Thursday, November 23, 2017

Barry and Stu ...











 Barry Farber offers his take on dethroning of thug-dictator Robert Mugabe
"Good old Stu Tarlowe, faithful commentator to the very end, quipped that most if not all of those purloined people might be better off in the asylum than in the craziness that is life in Zimbabwe."

FARBER&TARLOWE

It looks like the worst country in the world is about to get better, or maybe worse!

Writer and commentator Stu Tarlowe (whom many know as Stu Tarlowe on C&S), in an American Thinker article a while back and just recently on my radio program, echoed an observation that “Africa’s breadbasket has become a basket case.” Tarlowe was referring to the southern African nation of Zimbabwe, formerly the agricultural and industrial powerhouse named Rhodesia, which autocrat Robert Mugabe has both comically and catastrophically misruled since 1987.

Read it all HERE.
Good One Stu, Gobble Gobble.

4 comments:

Tom Smith said...

I thought the UN fixed all that down there.............

Unknown said...

Thanks, Rodger!

And, for anyone who's interested, my original American Thinker article is here: http://www.americanthinker.com/articles/2013/06/why_not_zimbabwe.html

My premise was that Robert Mugabe has to be one of Barack Obama's heroes and role models, for implementing in the former Rhodesia the kind of "fundamental transformation" that Obama dreamed about for the U.S.

Skoonj said...

Turning a breadbasket into a basket case is a communist trademark. Ukraine comes to mind, followed by ... oh yeah, Zimbabwe.

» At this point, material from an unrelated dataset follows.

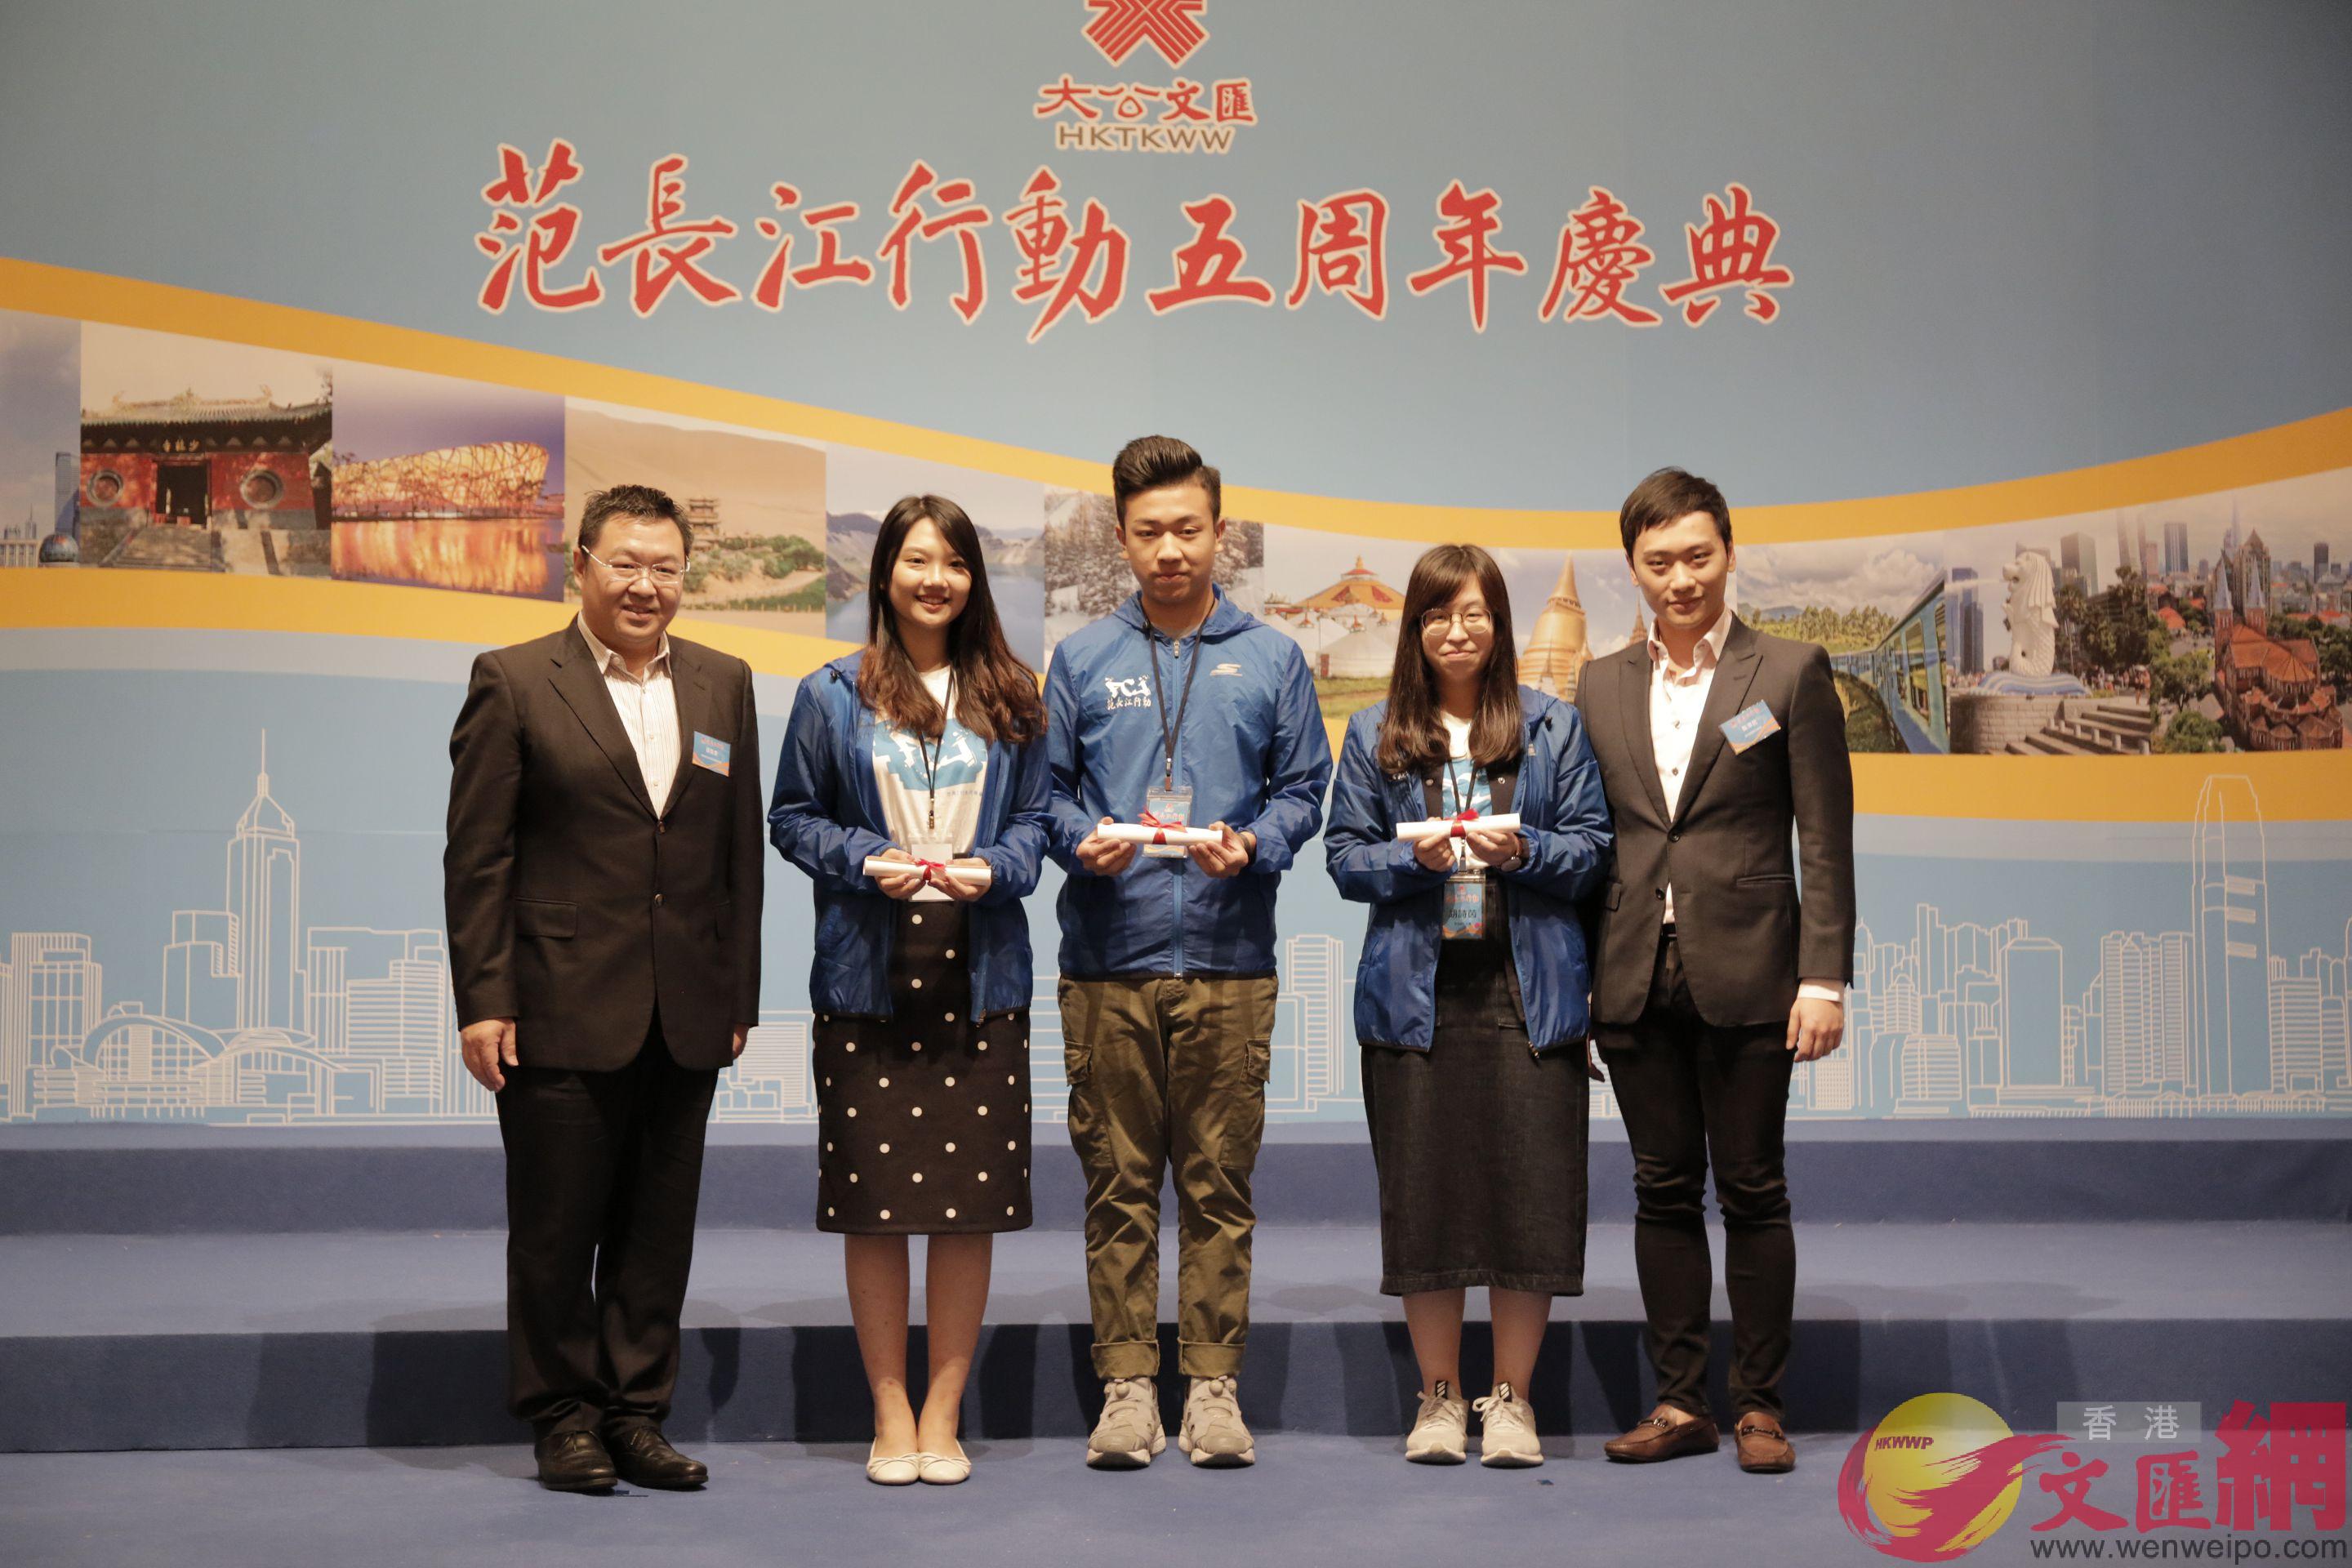 榮獲五周年最佳新聞圖片獎的學生與頒獎嘉賓合影]記者 鄧智仁 攝^

Poverty is caused by the unequal distribution of capitalism. Take all those African and South American poverty cases, make them capitalist, and they will be wealth generators almost overnight.

Unknown said...

I used to know a guy named "Smiley"; he looked a lot like Arsenio Hall; in fact, he might have been Arsenio Hall, because this was way back before Arsenio became famous. Anyway, Smiley operated a hot dog cart in NE Portland, OR, which is kind of borderline "inner city ghetto". Smiley was a great example of entrepreneurship. I'd hang out with him and we'd talk about the psychology of sales; when I'm giving a sales meeting I use him as an example of the principle of "assume the sale"; people would walk up and he'd say, "How many, please?"
But what struck me, and the reason I'm bringing this up, is that I was always amazed at how many people came up and said, "Hey, why don't you help a brotha and jus' gimme one o'dem dawgs?"